Racconto questa storia affinché si apprenda che guidare qualunque organo di informazione comporta rischi che oscillano tra il ridicolo e il tragico. Allorché fui chiamato a passare dal Corriere alla massima responsabilità dell' Europeo, la redazione organizzò un comitato d' accoglienza che indisse uno sciopero contro il sottoscritto.
Una cosa mai vista: due mesi di astensione.

 

 

Si consoli Verdelli. Non ebbi la solidarietà di nessuno.

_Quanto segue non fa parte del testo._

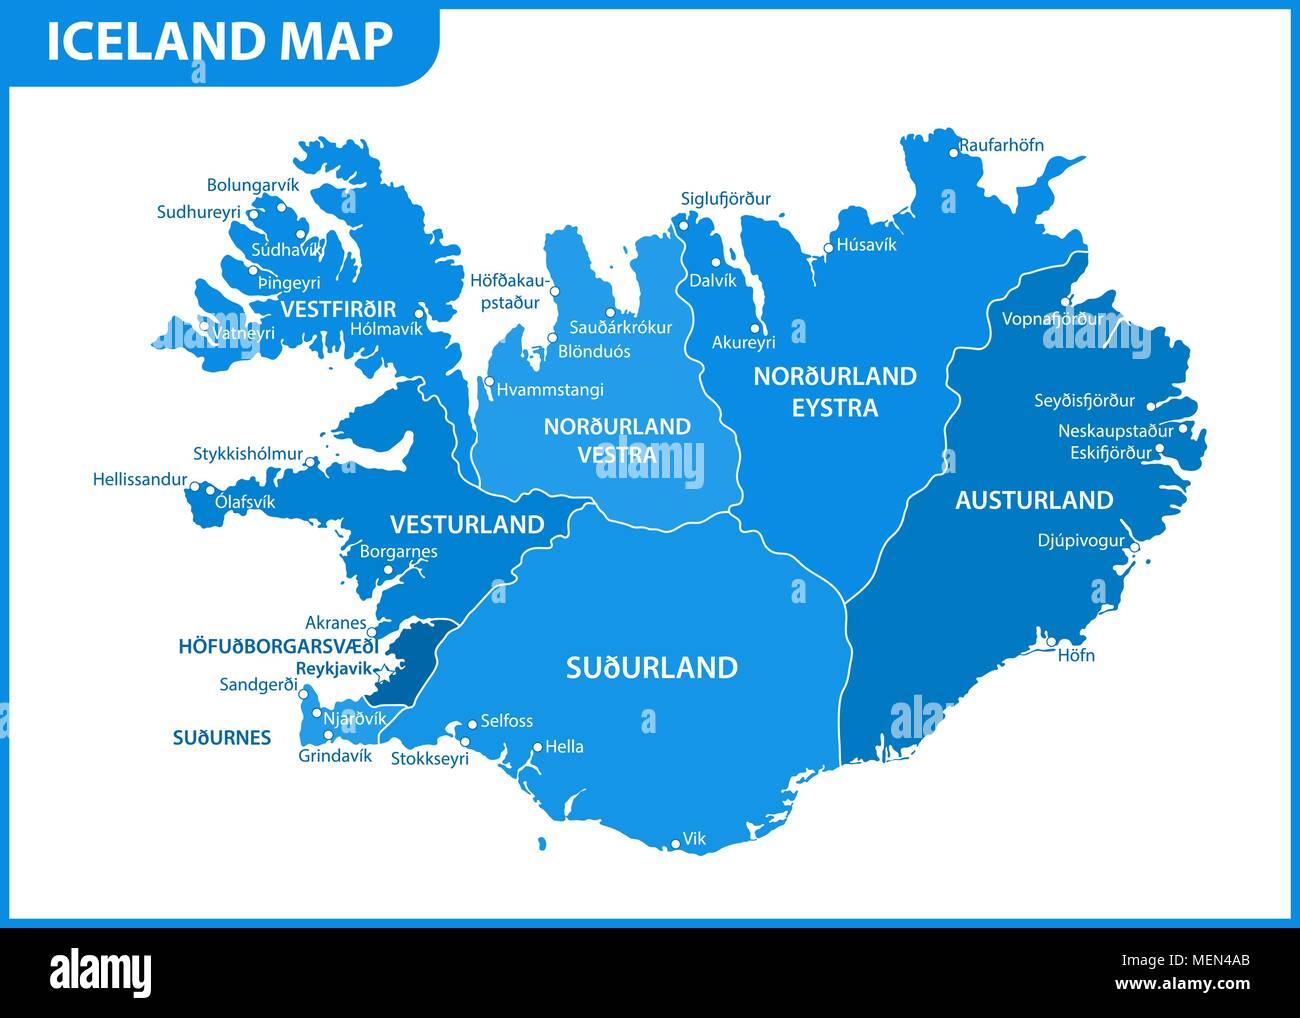 Административная карта Исландии

Peggio degli editori esistono soltanto i colleghi. Nel giro di due anni condussi - con l' aiuto di Sanculo - il settimanale da 79 mila copie a 136 mila. Fui in seguito chiamato a menare il torrone all' Indipendente che era in via di estinzione. Pure lì fui accolto come uno stupratore, il che mi succede ancora regolarmente, eppure portai trionfalmente la tiratura da 16 mila copie a 126 mila. Poi me ne andai al Giornale orfano di Montanelli e lo trascinai da 120 mila copie a 256. Il mio assistente fu di nuovo Sanculo.
Tuttavia, non c' è un cane che mi riconosca almeno la fortuna. E ora sono ancora qui a combattere, a 77 anni, contro i pregiudizi e le invidie. Per offendermi affermano che sono un ricco antimeridionale. Non me la prendo. Il mio sogno è dimettermi dall' ordine dei pennini. Ti ho narrato, Verdelli, le mie tribolazioni per rincuorarti. Non ti deprimere: sei bravo. Sfrutta la tua maestria e manda tutti al diavolo. In particolare redattori ed editori.